## DIRECTIONS FOR THIS TASK
Copy, word for word, each line of the data below from the first through the line containing "Perceeloppervlakte Radio Oranjelaan 4 Almere", and stop there.

[MATERIAL FOR THIS TASK Boundary: Start]

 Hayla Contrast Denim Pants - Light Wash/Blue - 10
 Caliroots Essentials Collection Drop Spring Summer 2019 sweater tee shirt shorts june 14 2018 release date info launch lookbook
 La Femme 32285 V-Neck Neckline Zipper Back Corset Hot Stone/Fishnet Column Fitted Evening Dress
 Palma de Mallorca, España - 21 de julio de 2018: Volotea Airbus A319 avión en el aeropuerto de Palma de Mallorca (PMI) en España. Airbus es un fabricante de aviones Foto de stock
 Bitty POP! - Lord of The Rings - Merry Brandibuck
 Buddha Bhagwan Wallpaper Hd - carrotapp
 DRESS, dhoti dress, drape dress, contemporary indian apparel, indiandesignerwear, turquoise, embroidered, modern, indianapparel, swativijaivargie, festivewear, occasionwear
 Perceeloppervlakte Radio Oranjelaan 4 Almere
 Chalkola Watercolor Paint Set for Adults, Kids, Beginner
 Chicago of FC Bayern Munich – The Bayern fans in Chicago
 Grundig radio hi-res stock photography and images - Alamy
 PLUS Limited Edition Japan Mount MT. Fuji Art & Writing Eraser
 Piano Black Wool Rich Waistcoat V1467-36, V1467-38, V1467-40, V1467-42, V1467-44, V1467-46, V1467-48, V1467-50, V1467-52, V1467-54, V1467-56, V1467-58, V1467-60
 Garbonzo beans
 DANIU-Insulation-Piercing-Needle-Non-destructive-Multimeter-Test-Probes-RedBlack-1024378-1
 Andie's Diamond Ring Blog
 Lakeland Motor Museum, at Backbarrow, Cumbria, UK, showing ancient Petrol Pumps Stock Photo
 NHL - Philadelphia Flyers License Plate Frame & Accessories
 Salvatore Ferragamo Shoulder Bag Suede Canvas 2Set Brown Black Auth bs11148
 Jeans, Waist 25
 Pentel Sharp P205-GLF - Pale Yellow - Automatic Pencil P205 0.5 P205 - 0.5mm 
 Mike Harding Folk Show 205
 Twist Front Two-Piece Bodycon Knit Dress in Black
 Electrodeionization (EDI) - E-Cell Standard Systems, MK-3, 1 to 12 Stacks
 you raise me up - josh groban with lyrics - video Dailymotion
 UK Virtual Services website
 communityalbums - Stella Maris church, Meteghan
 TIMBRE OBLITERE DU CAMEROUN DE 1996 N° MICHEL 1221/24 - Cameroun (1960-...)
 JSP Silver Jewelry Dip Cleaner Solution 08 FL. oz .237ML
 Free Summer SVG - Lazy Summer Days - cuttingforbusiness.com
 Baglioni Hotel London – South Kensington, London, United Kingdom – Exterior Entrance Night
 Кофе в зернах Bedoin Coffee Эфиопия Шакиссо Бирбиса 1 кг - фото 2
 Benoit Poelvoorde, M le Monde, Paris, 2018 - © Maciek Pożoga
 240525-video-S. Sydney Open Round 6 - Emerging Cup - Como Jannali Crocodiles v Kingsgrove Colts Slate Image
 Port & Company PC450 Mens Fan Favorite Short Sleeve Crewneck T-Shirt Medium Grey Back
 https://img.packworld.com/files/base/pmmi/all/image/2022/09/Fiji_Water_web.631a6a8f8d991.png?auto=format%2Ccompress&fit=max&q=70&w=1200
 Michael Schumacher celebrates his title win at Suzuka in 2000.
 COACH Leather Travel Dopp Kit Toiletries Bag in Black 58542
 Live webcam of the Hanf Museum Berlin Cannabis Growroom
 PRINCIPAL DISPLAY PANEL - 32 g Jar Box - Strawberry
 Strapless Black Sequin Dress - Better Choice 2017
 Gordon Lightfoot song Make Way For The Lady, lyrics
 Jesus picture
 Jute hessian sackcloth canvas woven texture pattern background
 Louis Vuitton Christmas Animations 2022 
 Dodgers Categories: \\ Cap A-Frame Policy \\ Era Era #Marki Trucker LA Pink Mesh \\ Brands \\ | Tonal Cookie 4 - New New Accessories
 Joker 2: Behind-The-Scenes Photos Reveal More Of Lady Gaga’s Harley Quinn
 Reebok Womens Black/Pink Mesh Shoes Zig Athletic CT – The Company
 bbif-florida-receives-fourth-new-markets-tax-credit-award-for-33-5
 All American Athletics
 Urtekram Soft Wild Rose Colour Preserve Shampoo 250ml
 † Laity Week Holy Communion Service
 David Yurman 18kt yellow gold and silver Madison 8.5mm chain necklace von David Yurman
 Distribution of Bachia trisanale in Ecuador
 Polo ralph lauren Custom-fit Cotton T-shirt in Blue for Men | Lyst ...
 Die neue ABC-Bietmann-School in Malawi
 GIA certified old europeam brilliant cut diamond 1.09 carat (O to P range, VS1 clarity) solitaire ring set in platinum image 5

[MATERIAL FOR THIS TASK Boundary: End]

## RESPONSE AREA
 Hayla Contrast Denim Pants - Light Wash/Blue - 10
 Caliroots Essentials Collection Drop Spring Summer 2019 sweater tee shirt shorts june 14 2018 release date info launch lookbook
 La Femme 32285 V-Neck Neckline Zipper Back Corset Hot Stone/Fishnet Column Fitted Evening Dress
 Palma de Mallorca, España - 21 de julio de 2018: Volotea Airbus A319 avión en el aeropuerto de Palma de Mallorca (PMI) en España. Airbus es un fabricante de aviones Foto de stock
 Bitty POP! - Lord of The Rings - Merry Brandibuck
 Buddha Bhagwan Wallpaper Hd - carrotapp
 DRESS, dhoti dress, drape dress, contemporary indian apparel, indiandesignerwear, turquoise, embroidered, modern, indianapparel, swativijaivargie, festivewear, occasionwear
 Perceeloppervlakte Radio Oranjelaan 4 Almere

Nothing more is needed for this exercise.